American baseball player (born 1941)

John Dominic Boccabella (born June 29, 1941) is an American former professional baseball player. He played as a catcher and first baseman in Major League Baseball from 1963 to 1974 with the Chicago Cubs, Montreal Expos and San Francisco Giants.

==Early career==

Born in San Francisco, California to Italian immigrant parents, Boccabella grew up in San Anselmo where he attended Marin Catholic High School. He attended college at the University of Santa Clara where, he was a member of the Santa Clara Broncos baseball team that made it to the final of the 1962 College World Series before losing to the Michigan Wolverines baseball team.

After graduating with an honors degree in commerce, he was signed by the Chicago Cubs before the start of the 1963 season and assigned to the Pocatello Chiefs, a Cubs farm team in the Pioneer League. Boccabella had an impressive first season in professional baseball, posting a .365 batting average along with 30 home runs and 92 RBIs in just 84 games with the Chiefs.

==Major League career==

His performance earned him a promotion to the major leagues where he made his debut as a first baseman with the Cubs on September 2, 1963 at the age of 22. Despite hailing from San Francisco, the Cubs' radio announcers dubbed him "Boccabella from 'Pocatella'". In 1966, Cubs manager, Leo Durocher made the decision to convert Boccabella into a catcher to serve as a backup for Randy Hundley.

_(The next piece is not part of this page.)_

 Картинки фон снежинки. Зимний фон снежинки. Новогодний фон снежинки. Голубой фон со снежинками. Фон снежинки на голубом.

Boccabella was drafted from the Cubs by the Montreal Expos in the 1968 expansion draft. He served as a utility player until 1973 when he became the Expos' primary catcher. He set new personal career highs in 1973 in games played (118), plate appearances (442), home runs (7), and RBIs (46). Boccabella had another career highlight on July 6, 1973 when he hit two home runs in the sixth inning at Jarry Park, including a grand slam.

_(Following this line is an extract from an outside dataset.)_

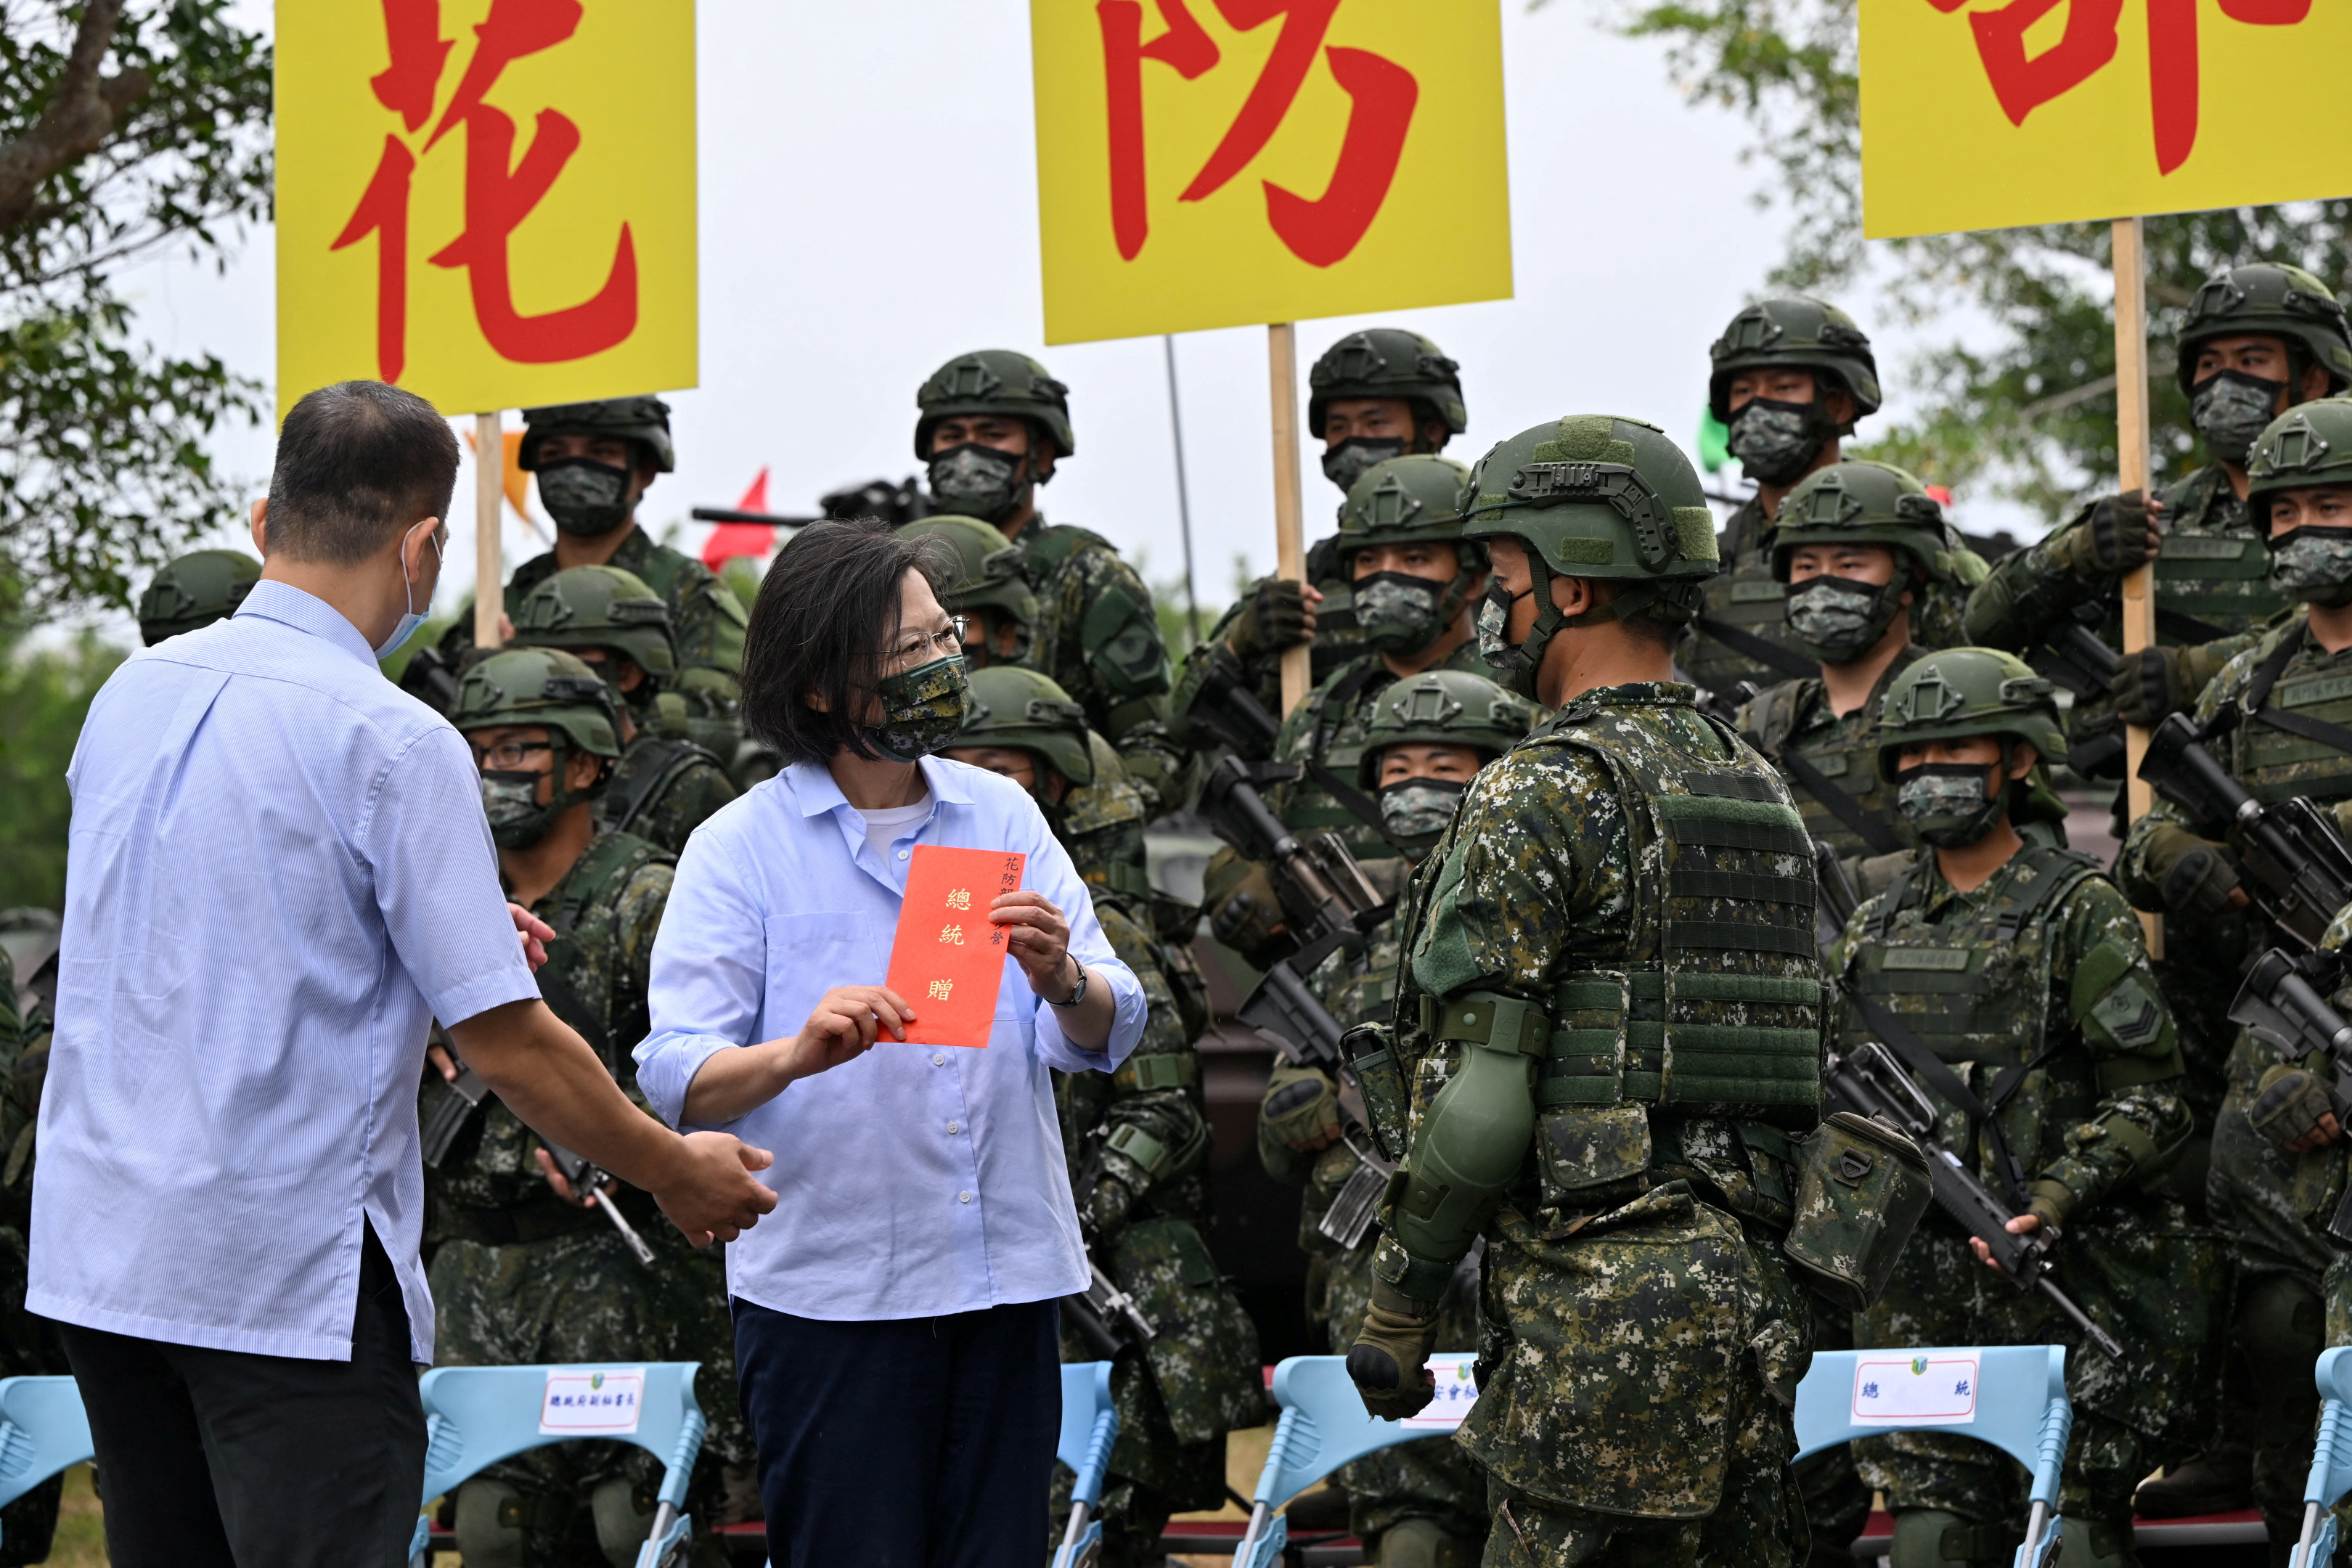 Taiwan's President Tsai Ing-wen visits the military base in Hualien

With the arrival in September 1973 of highly rated Expos' first round draft choice Barry Foote, Boccabella was traded to the Giants on March 27, 1974 for pitcher Don Carrithers after five seasons in Montreal. After one season with his hometown team, during which he batted just .138 in 29 games, Boccabella retired at the age of 33.

===Career statistics===

In a twelve-year major league career, Boccabella played in 551 games, accumulating 320 hits in 1,462 at bats for a .219 career batting average along with 26 home runs and 148 runs batted in. As a catcher, he had a .984 career fielding percentage.

==Personal life==

After baseball Boccabella lived in Marin County, California with his wife Joyce. He worked as a marketing representative for PG&E for 19 years and retired in 1993. Boccabella is a Roman Catholic.